For this week’s Crimes of Statistics COP session, I’d like to have an open discussion about the history and the controversy surrounding the p-value. I’ll write-up my thoughts and some quotes here to discuss with you. If you are unable to make this session and want to add your thoughts, please add a comment to this post, and we can start the discussion on-line as well.
So, how did the p-value come into existence? Are you aware of the history of this commonly used aspect of statistics? We all feel compelled to report the p-values from our analyses – ok, let’s be honest in order to get our research published, we NEED to publish our p-values. But, how many of us have conducted research that we have NOT published because it didn’t measure up to the 0.05 mark? We have been taught and maybe brain-washed to believe that our results must have a p-value that is less than 0.05. I cannot count the number of times that I’ve worked with students who are so disappointed when their results do not yield this “significant” value – so many years of work and NOTHING is significant, and they feel that they can no longer publish their results except in their thesis.
But, let’s take a closer look at this p-value and how it came about. I’ll admit that I’ve always been fascinated by the p-value and the “magical” powers of “0.05”. Many of you have heard me say that there is nothing magical about 0.05, and I’m sure you’ve thought, oh… she’s off her rocker – I’ve been taught from Day 1 in 2nd year statistics that in order for us to talk about our stats, we need that p-value that is < 0.05. Well… let’s talk about this for a bit.
Here is a famous quote from Fisher (1926) that started it all:
“If one in twenty does not seem high enough odds, we may, if we prefer it, draw the line at one in fifty (the 2 percent point), or one in a hundred (the 1 percent point). Personally, the writer prefers to set a low standard of significance at the 5 percent point, and ignore entirely all results which fail to reach this level. A scientific fact should be regarded as experimentally established only if a properly designed experiment rarely fails to give this level of significance.”
Yup! this is how it all started! If you enjoy reading more about this history, you later discover that Fisher did not intend for his statement to be interpreted as it was and used in the way it is today.
Amazing how a statement made in a journal article in 1926 and to this day, we still use the 5% rule. We have lots of research over the past century (yes, 92 years!), that has been hidden away because it never made the cut. What does this mean? What are the implications??

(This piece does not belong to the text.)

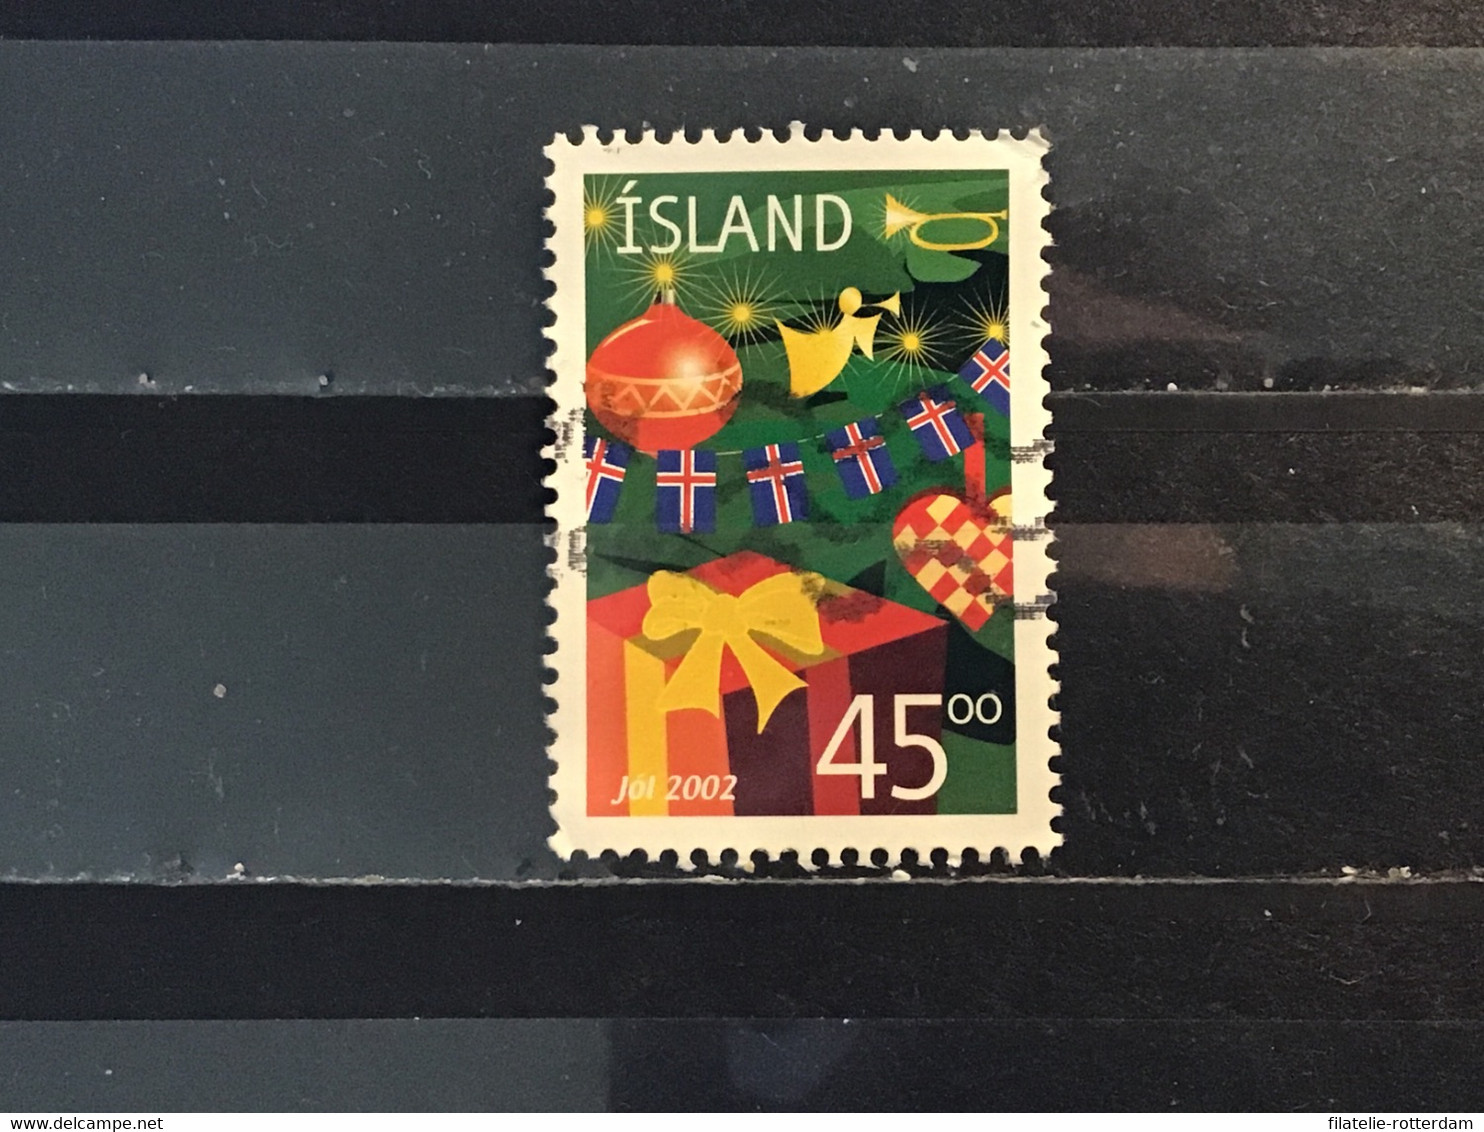 IJsland / Iceland - Kerstmis (45) 2002 - Gebruikt
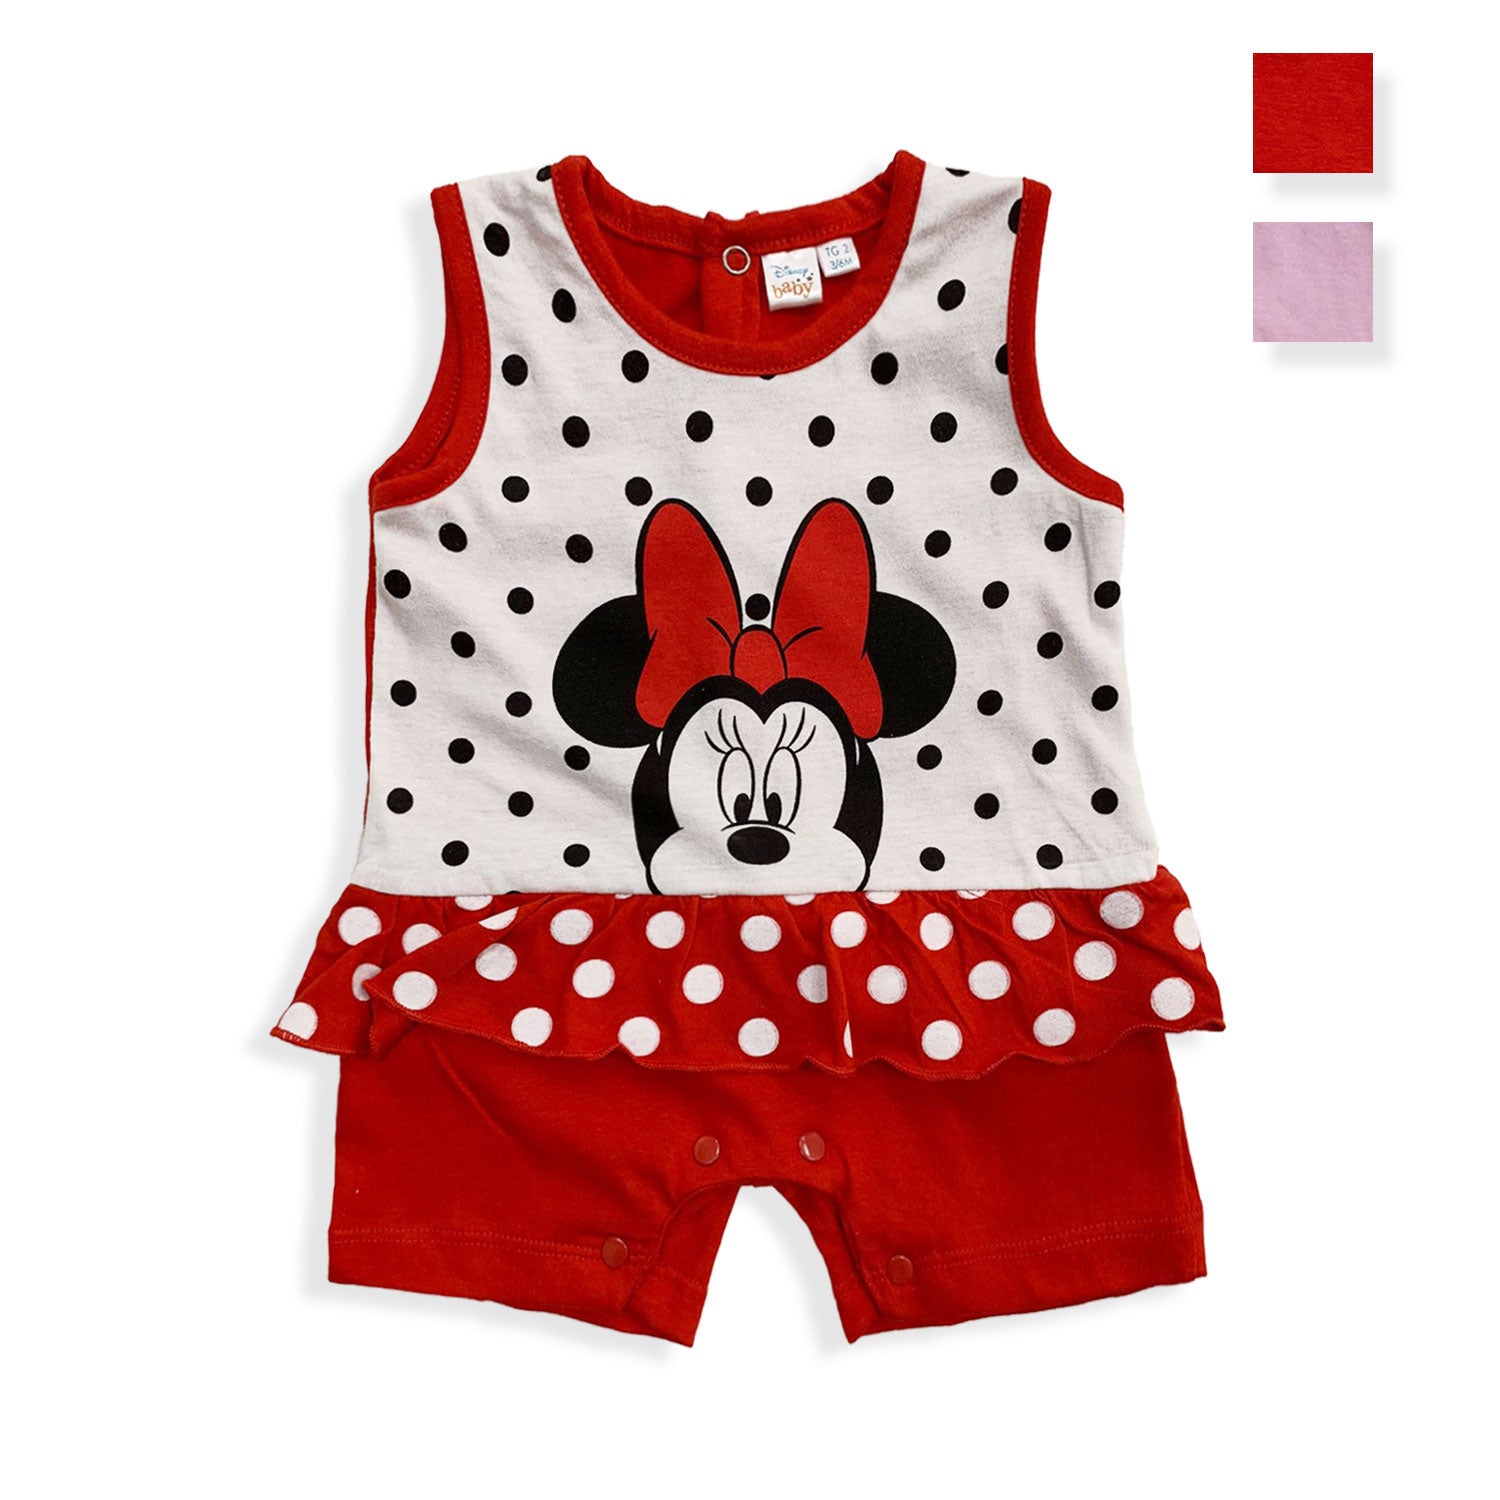 Tutina Disney Pagliaccetto neonato Minnie Mouse estiva in cotone bimba 5498

Let’s continue down that road for a moment, we recognize and acknowledge that most publications report results where p < 0.05. In other words, we tend to publish only results that are significant, right? Who is really interested in reading a study where there no significant results. Well how about this quote from Moore (1979) talking about this very challenge or problem:
“Such a publication policy impedes the spread of knowledge. If a researcher has good reason to suspect that an effect is present, and then fails to find significant evidence of it, that may be interesting news. Perhaps more interesting than if evidence in favour of the effect at 5% level had been found.”
Hmm… we are dealing with the same issue in 2018. What are your thoughts? Let’s talk about the implications of this? And how do we define 0.05? If we stick to that rigid line of 0.05, how do YOU handle a p-value of 0.45 or one of 0.54?
I’m looking forward to a great discussion! See you tomorrow, Wednesday, January 18, 2016 in ANNU Rm 101 at 9:30am.
Fisher, R.A. (1926). The arrangement of field experiments. J. Ministry of Agric. Great Britain 23: 503-513.
Moore, D.S. (1979). Statistics: Concepts and Controversies. San Francisco: Freeman.